Load-bearing premise
The observed gains arise because reference-augmented training induces useful invariance rather than from unrelated differences in model size, data augmentation, or optimization settings.
What would settle it
An ablation that trains an otherwise identical model without any reference channel and obtains the same 2.57 percent EER and 0.074 minDCF on ASVspoof 5.
Figures
read the original abstract
We introduce a spoofing countermeasure architecture conditioned on speaker-reference recordings, but observe that it converges to a solution that effectively ignores the reference during inference. Surprisingly, training with a reference channel induces invariance that improves deepfake detection, even when the reference is absent or mismatched during inference. Based on this observation, we propose a Reference-Augmented Training (RAT) strategy. RAT yields improved detection performance compared to single-utterance baselines, even when the reference recording is replaced with a zero vector at inference. Through rigorous analysis, we demonstrate that the optimization process rapidly diminishes the reference contributions, leading to inference largely independent of the reference channel. Using RAT, we achieve state-of-the-art 2.57% EER and 0.074 minDCF on the ASVspoof 5 benchmark with a single detector, surpassing even large ensemble systems.
Editorial analysis
A structured set of objections, weighed in public.
Referee Report
Summary. The manuscript introduces Reference-Augmented Training (RAT) for ASV anti-spoofing. A detector is conditioned on speaker-reference recordings during training, yet optimization rapidly diminishes the reference contribution so that inference is effectively reference-independent. The central claim is that this training procedure induces invariance to the reference channel, yielding improved deepfake detection even when the reference is replaced by a zero vector or mismatched at inference. RAT is reported to outperform single-utterance baselines and to reach state-of-the-art 2.57% EER and 0.074 minDCF on the ASVspoof 5 benchmark with a single detector, surpassing large ensembles.
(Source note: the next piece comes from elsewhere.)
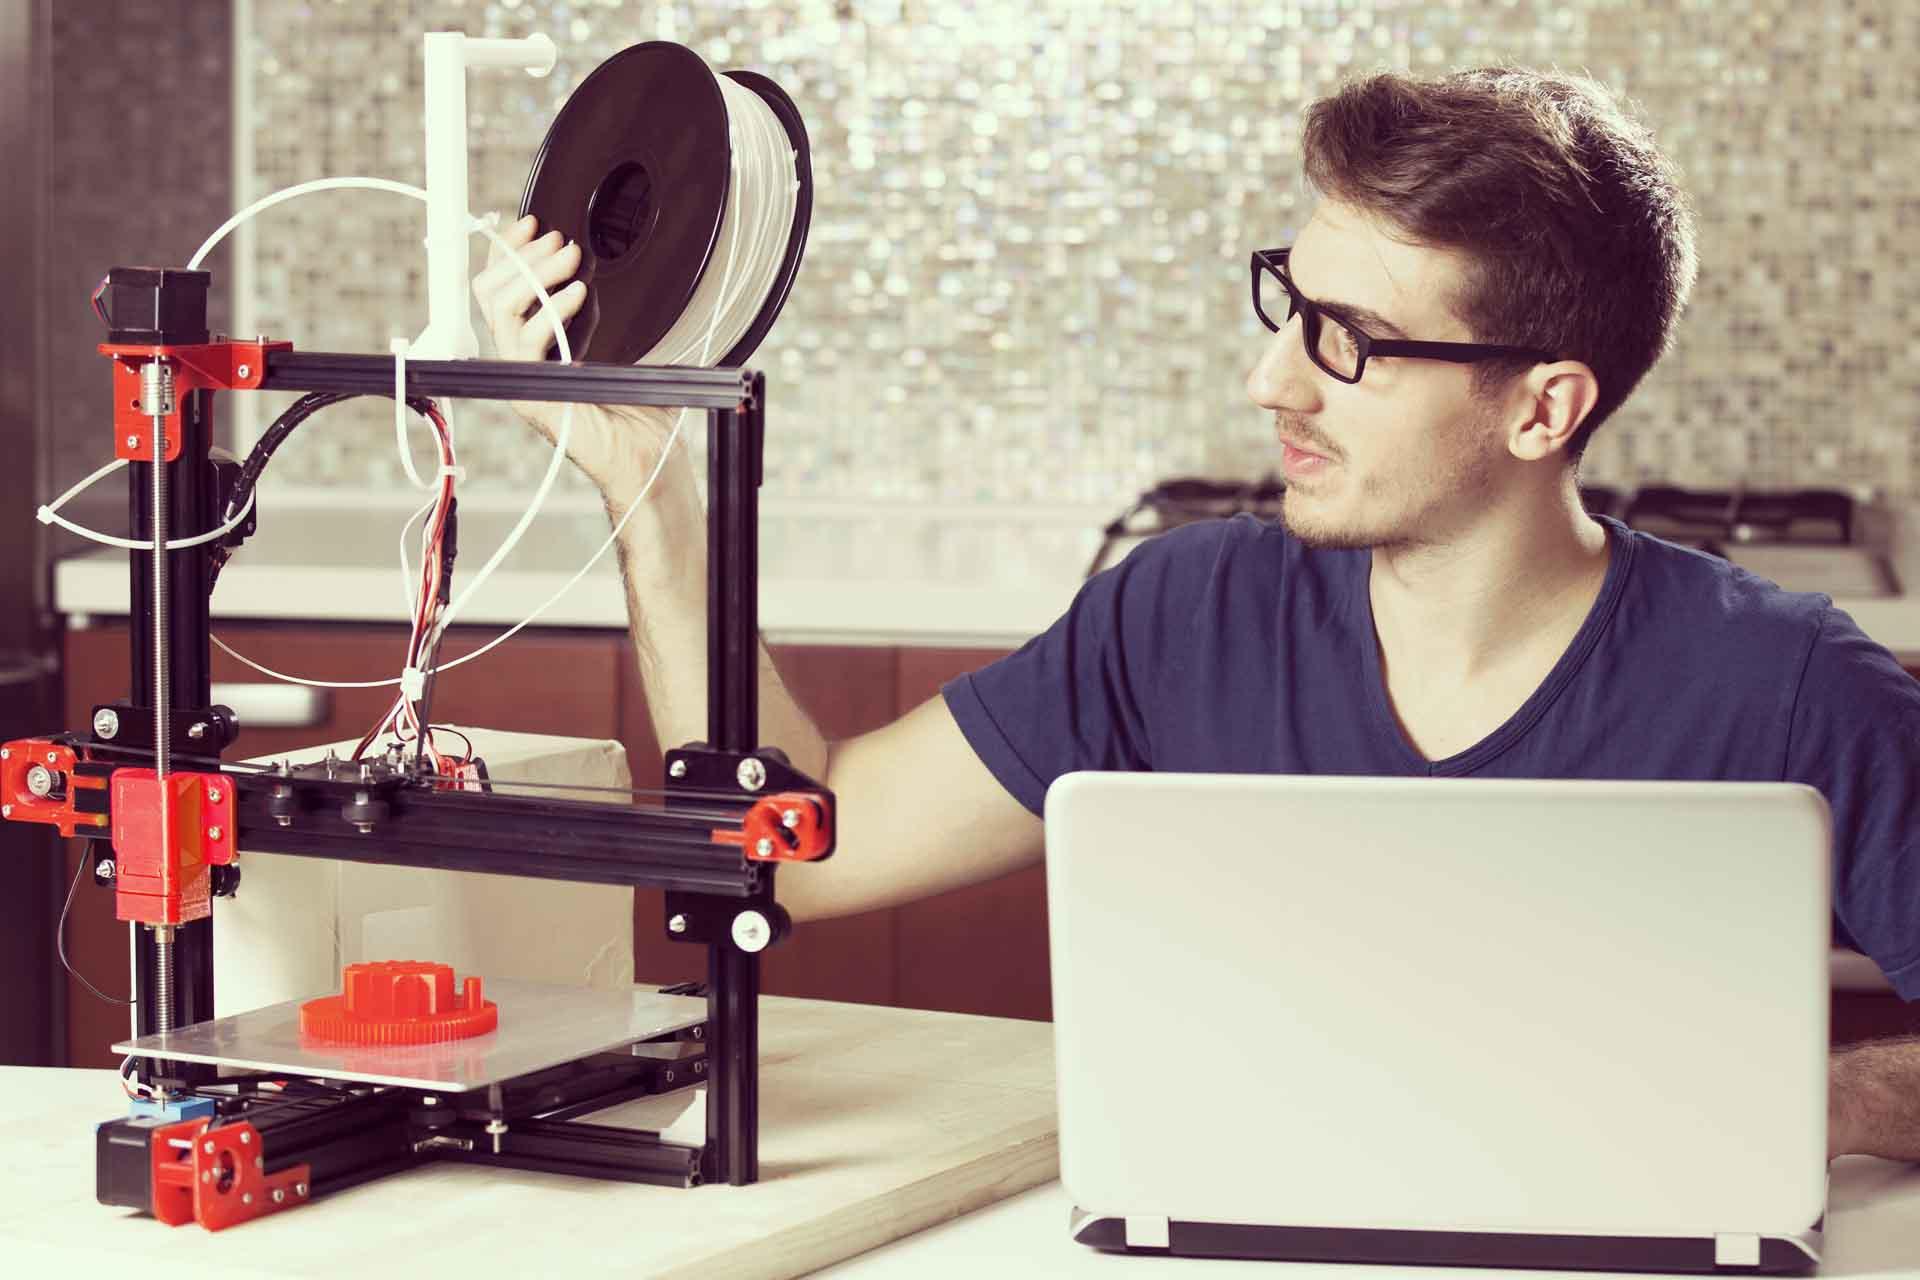 6 proyectos increíbles de la impresión 3D para hacer en casa

Significance. If the performance gains are causally attributable to reference-augmented training rather than confounding differences in architecture or optimization, the method supplies a training-only modification that improves countermeasures without altering inference cost or architecture. The reported analysis of reference-contribution decay, if isolated from other factors, would constitute a useful empirical observation about how auxiliary conditioning can regularize spoofing detectors.
major comments (2)
- [Abstract] Abstract: the claim that RAT induces invariance responsible for the gains requires an ablation that holds model architecture, loss, data pipeline, and optimizer schedule fixed while toggling only the presence of the reference channel during training. The abstract states that optimization diminishes reference contributions but does not report such an isolation experiment, leaving the attribution to RAT unproven.
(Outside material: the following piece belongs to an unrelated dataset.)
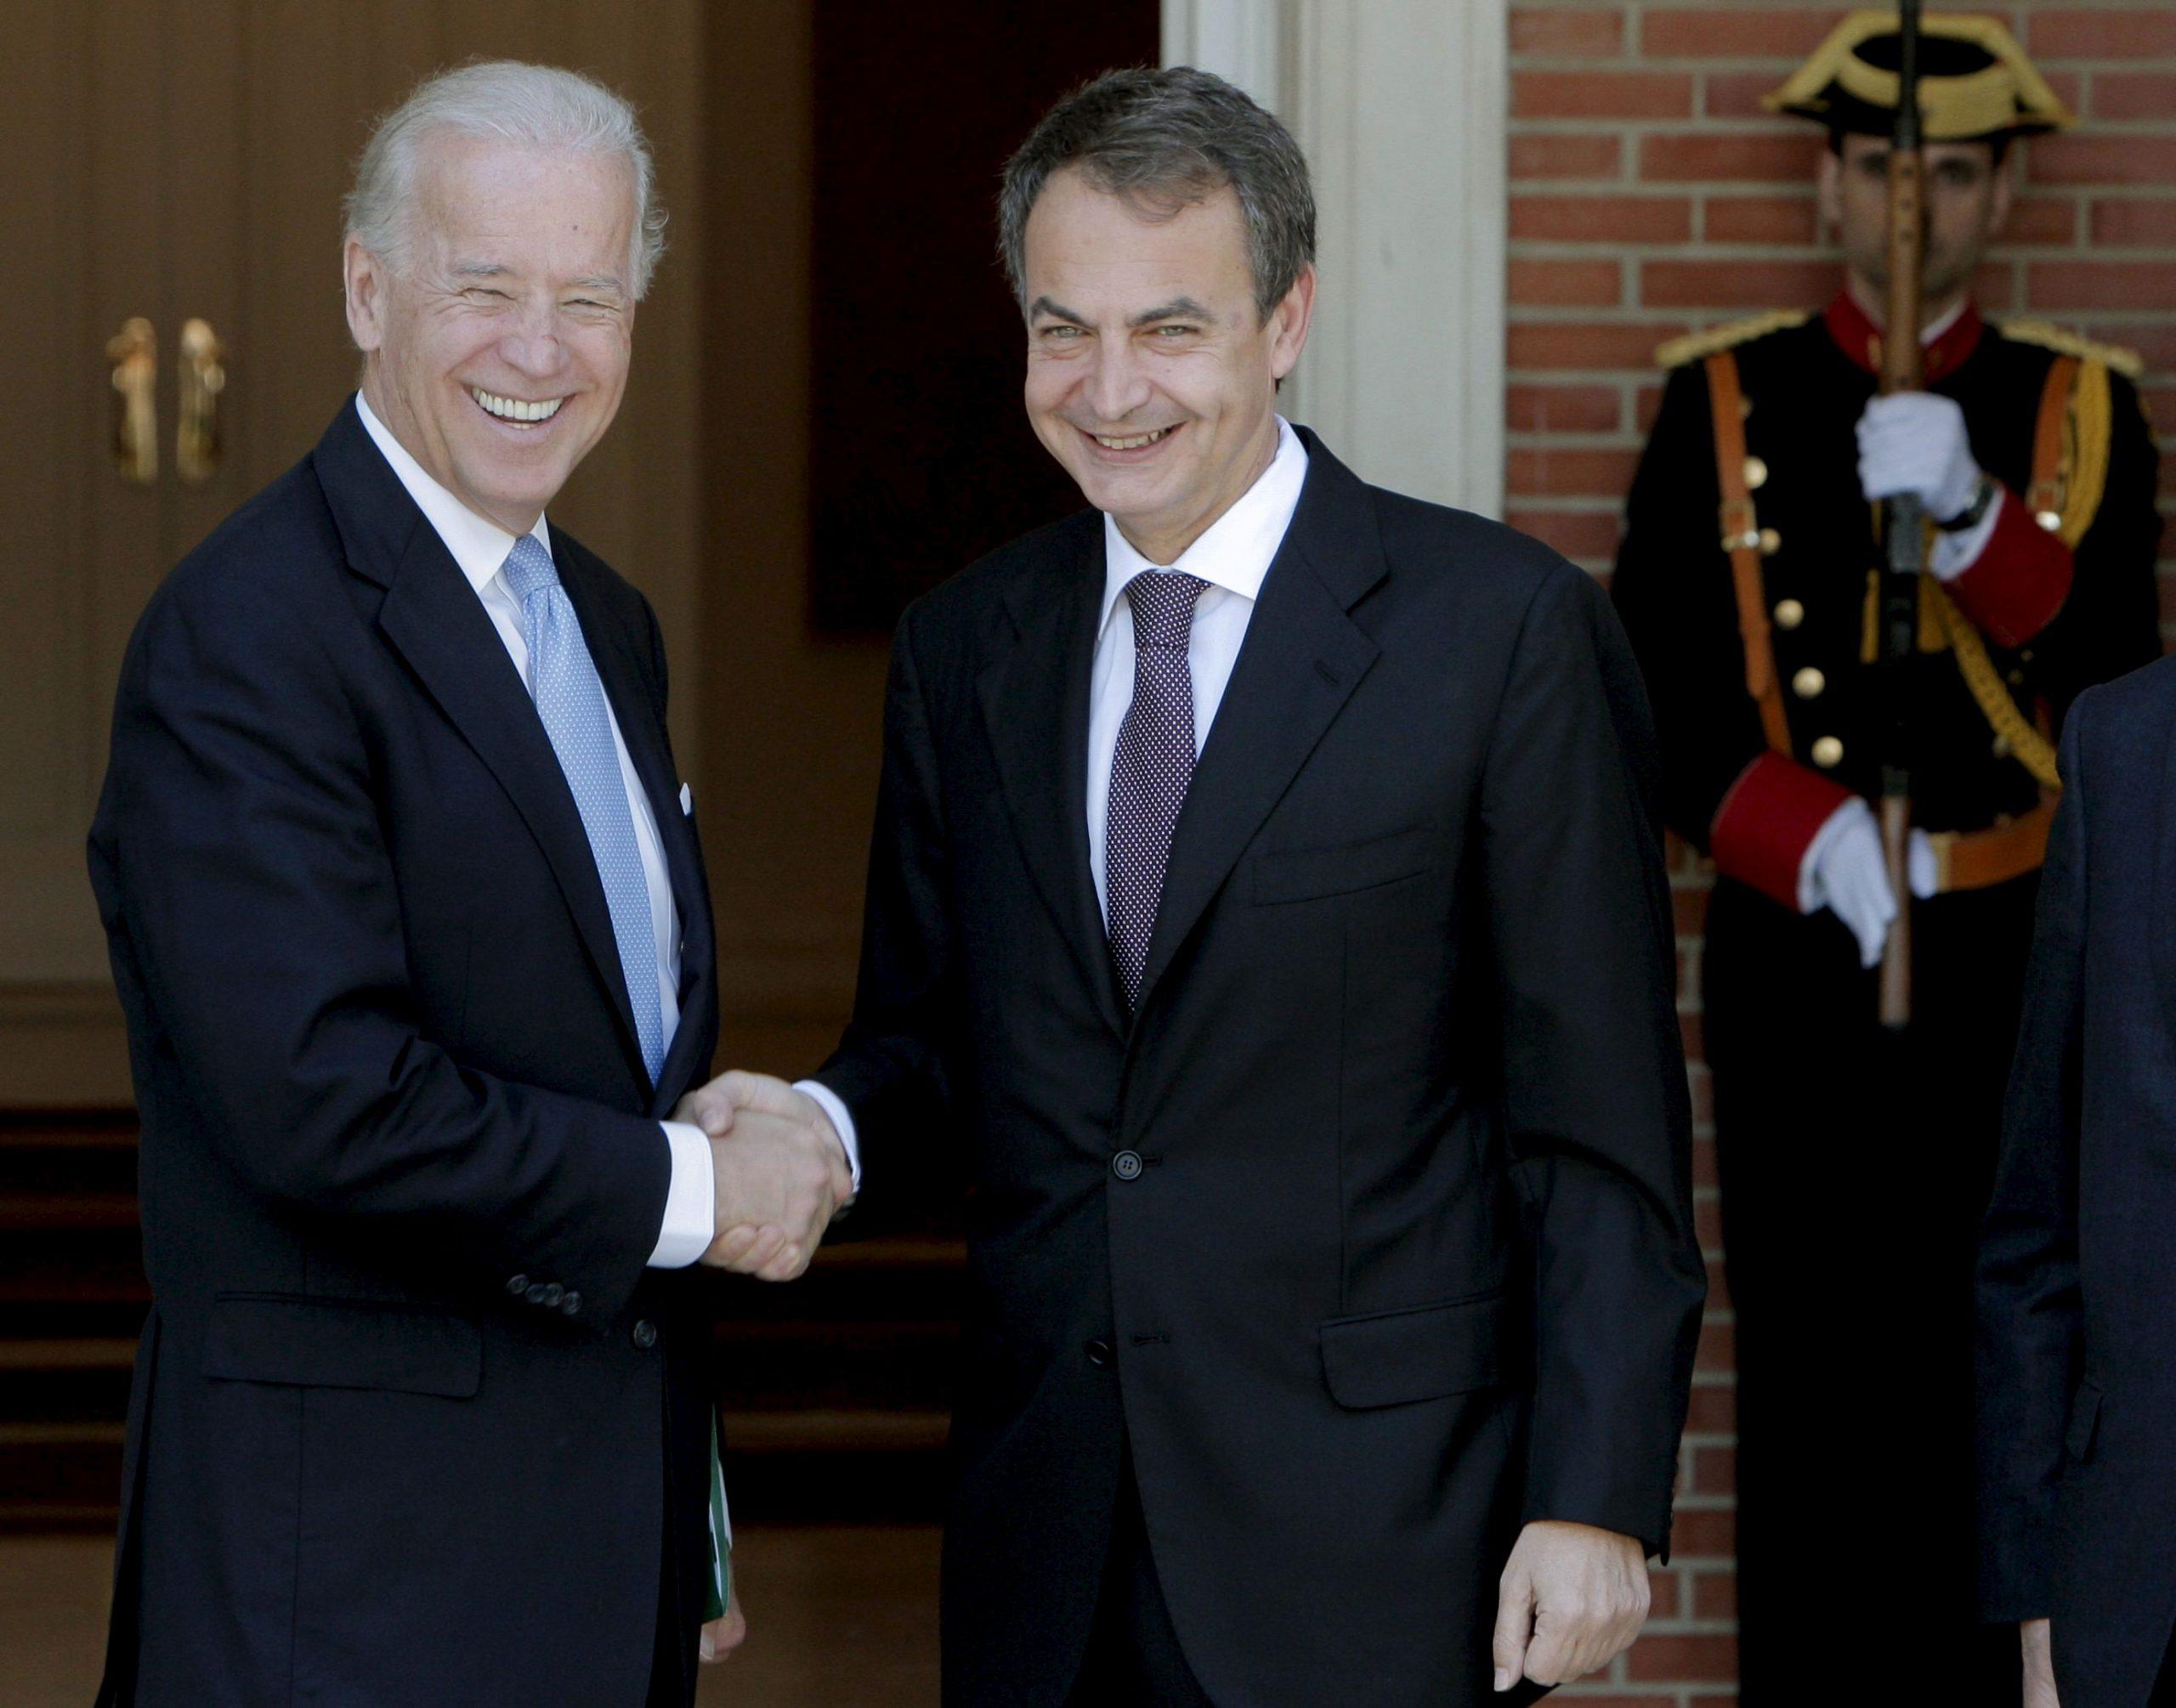 El expresidente Zapatero (d) recibe al entonces vicepresidente de EE.UU. Biden en La Moncloa, en 2010.- EFE

- [Results] Results (benchmark numbers): the reported 2.57% EER and 0.074 minDCF are presented without error bars, number of runs, or statistical tests against the single-utterance baseline, which is necessary to substantiate the claim of surpassing ensemble systems on ASVspoof 5.
minor comments (2)
- [Abstract] Abstract: the term 'rigorous analysis' of reference-contribution decay is used without indicating the quantitative method (e.g., gradient norms, ablation on reference masking, or contribution metrics) employed.
- [Methods] Notation: the precise mechanism by which the reference recording is fused into the detector (concatenation, cross-attention, etc.) should be stated with an equation in the methods section.
Simulated Author's Rebuttal
We thank the referee for the detailed and constructive review. We address each major comment below and describe the revisions we will implement to strengthen the manuscript.
read point-by-point responses
-
Referee: [Abstract] Abstract: the claim that RAT induces invariance responsible for the gains requires an ablation that holds model architecture, loss, data pipeline, and optimizer schedule fixed while toggling only the presence of the reference channel during training. The abstract states that optimization diminishes reference contributions but does not report such an isolation experiment, leaving the attribution to RAT unproven.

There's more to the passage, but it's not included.